Thursday morning we headed off for serious sightseeing: Picasso Museum and La Sagrada Familia. If you haven't been, go. Astounding, especially when you visit the educational area where they explain Gaudi's design principles and you can see the models being constructed for use in fabrication. Dave really has the best photos so I'll post later. We spent hours and hours going to the top towers and wandering around the most beautiful construction site in my lifetime. Head-shakingly impressive. Picasso was great, but foodies take note: the alleyways surrounding the museum are lined with artisanal chocolate and cookie shops. I don't even have a sweet tooth and I was wooed.


At that point the temperature had dropped so we grabbed a cab to Jamonisimo! On the suggestion of Amelia at CincSentits we grabbed a tiny table in the back (there were only 2) and ordered the "3 textures of Iberico" to share with a bottle of Rioja. The cute boy with a sharp knife prepared a slate of thin slices from different parts of the leg and explained the differences in flavor and composition. Along with some crusty home made bread and local olive oil, we snacked like kings. Educational and gluttonous in one simple setup. Sigh.

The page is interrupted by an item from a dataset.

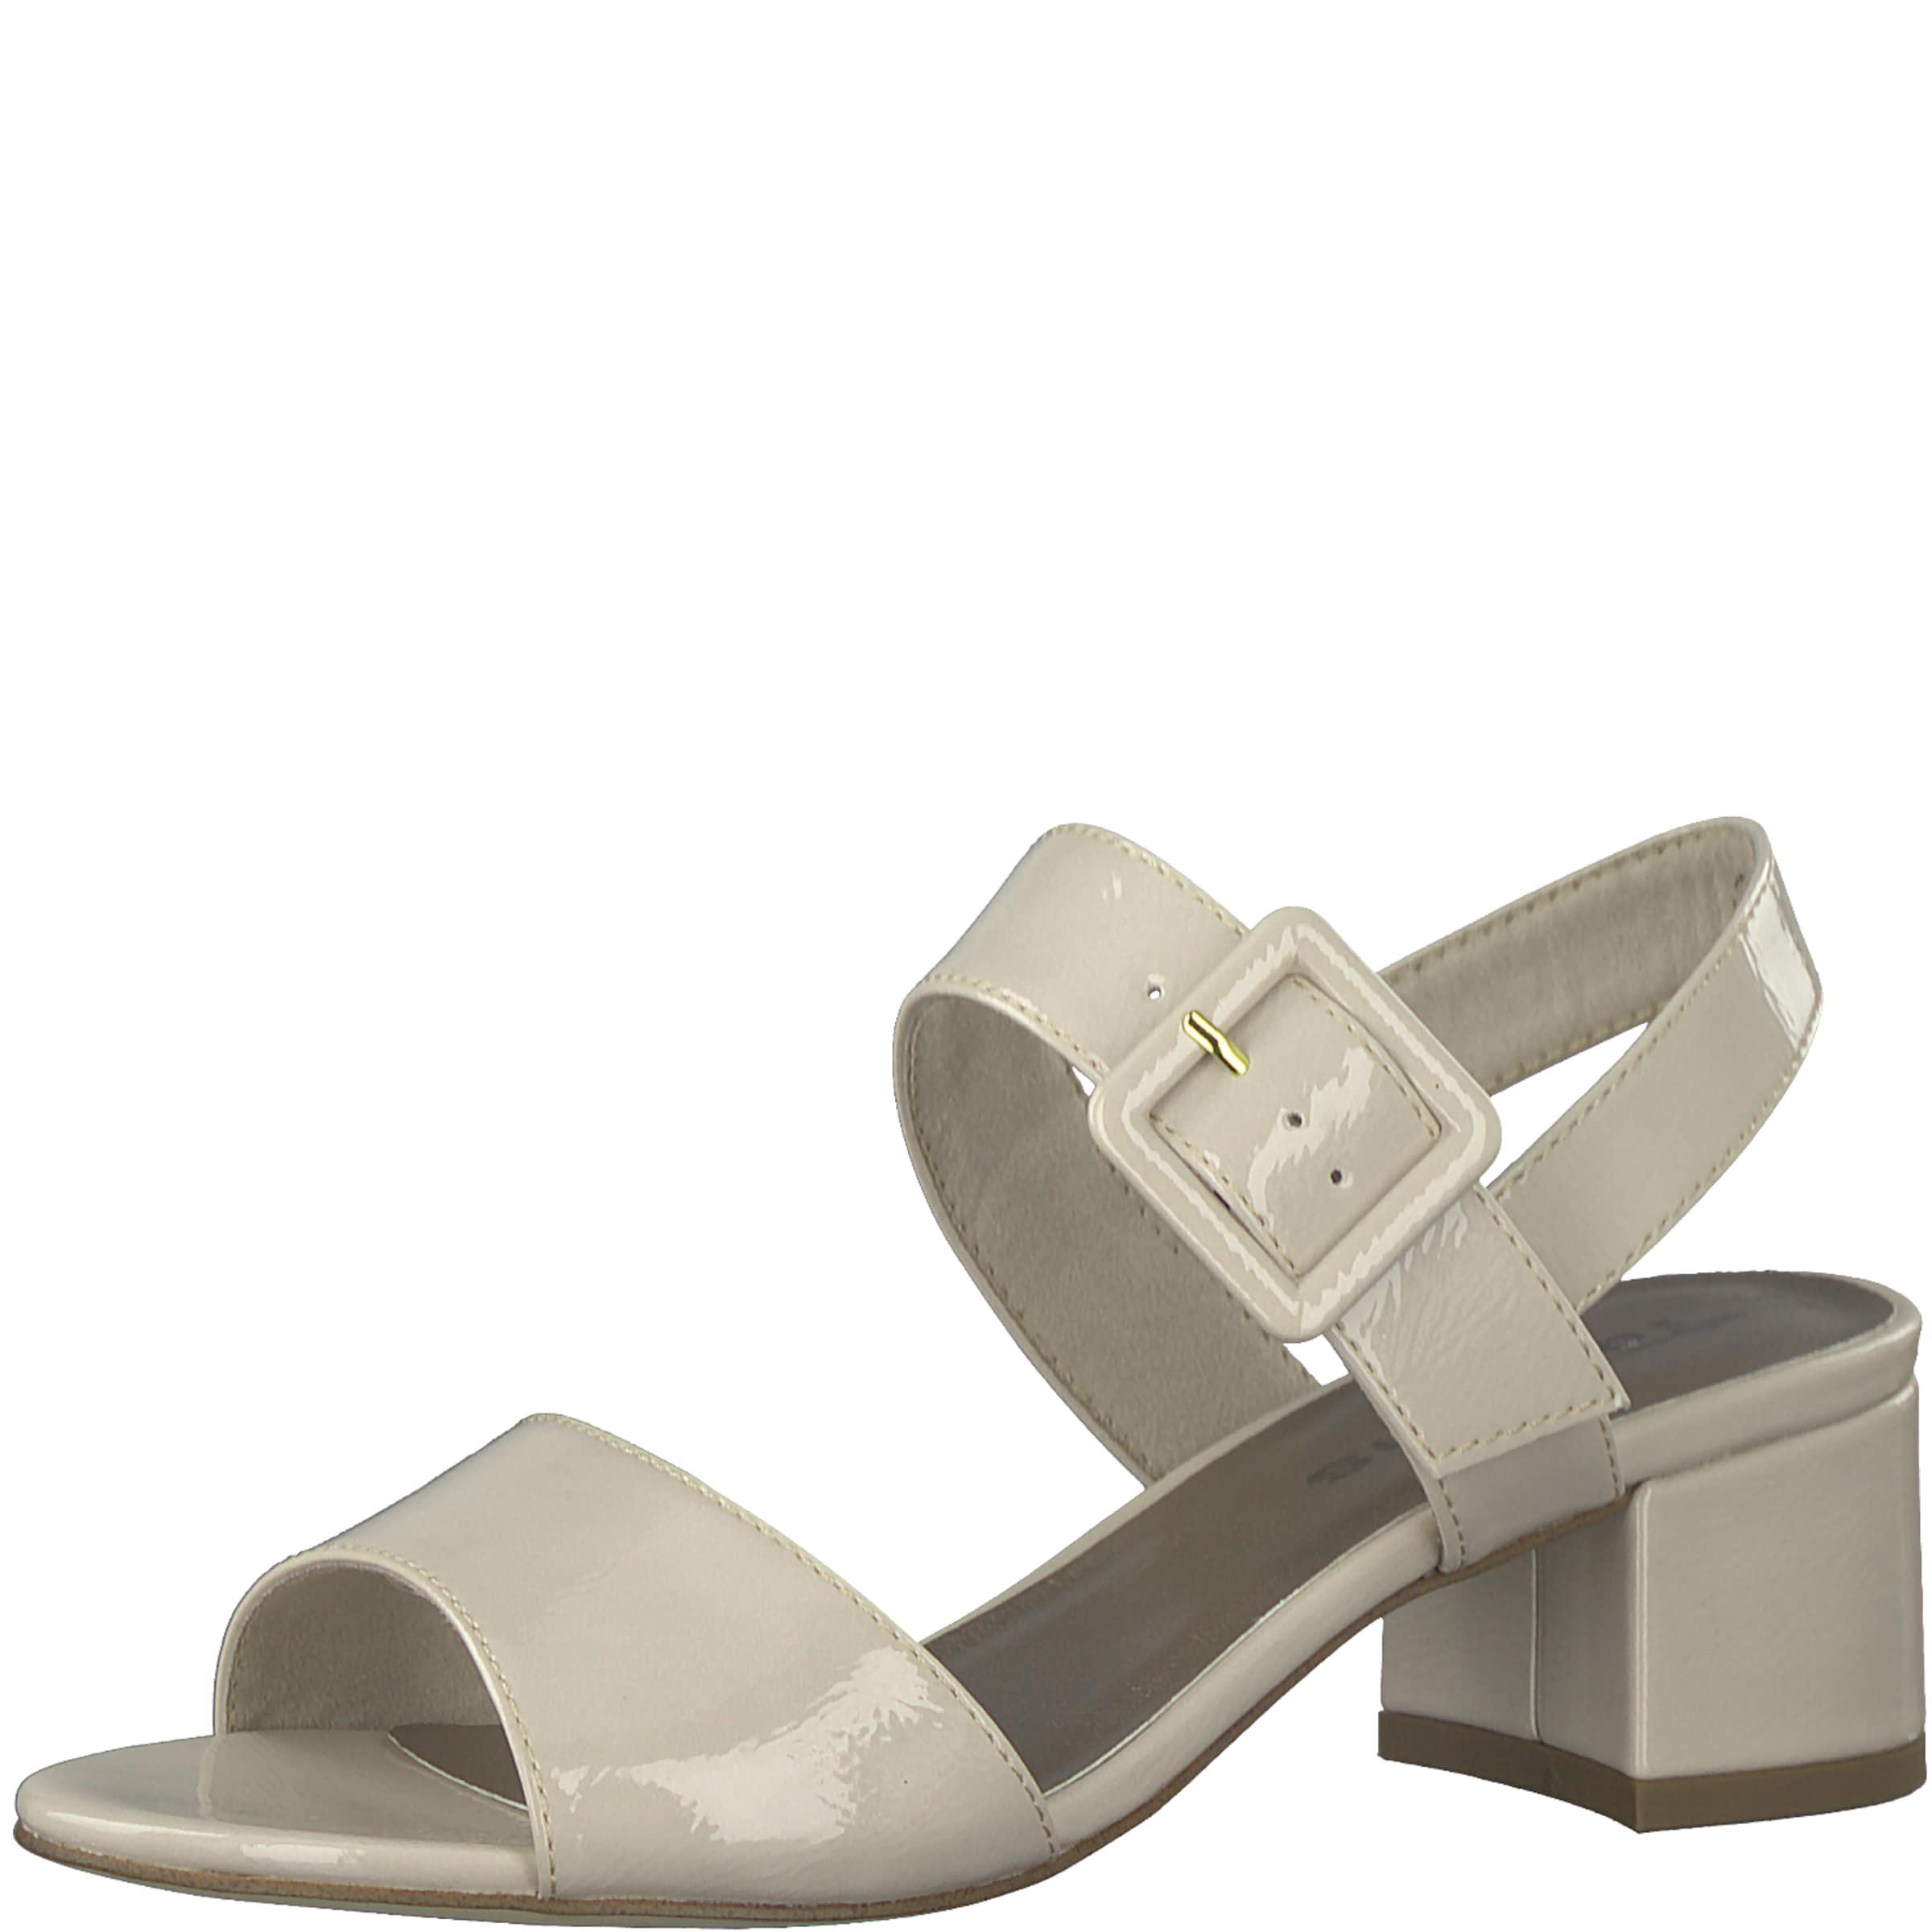 TAMARIS Blockabsatz Sandale Verschleißfeste Verschleißfeste

That whet our appetite, so we headed back to the old city for more eating and drinking, this time going Basque: Euskal Extea! The food of choice here are Pintxos ("pin' chohss") which are like mini tapas but served on little picks or "sticks" often on small slices of bread. The idea being you graze among all the offerings along the bar and passed by servers, keeping your picks to be counted later for your bill. There is no cheating. What there is a lot of is Txakoli ("chah' kohlee"), a brisk, zippy white wine poured in small quantities from a dizzy height into small tumblers, often to the accompanying shouts of "Hay! Txakoli!!! It's similar to Vinho Verde--lime-y, briskly acidic with a bit of frizzante (the small pour from a height keeps it fizzy in the glass) and pairs perfectly with salty fare (combo of green olives, pickled green beans and anchovies, my favorite pintxo), fried fare (small pieces of fried cod with what seemed like aioli, fried anchovies), marinated mushrooms, spicy sausage, cheese-stuffed peppers, etc. They are also cheap--we ate a dozen of them over the course of the night, along with um, 2 bottles of wine (it's only 11% alcohol!) and our bill was shockingly low. Of course we had to try a couple shots of Basque liquor since we were closing the joint down with the staff. Em. That was a little rough and more than a little medicinal. Makes you realize how tough the Basque really are...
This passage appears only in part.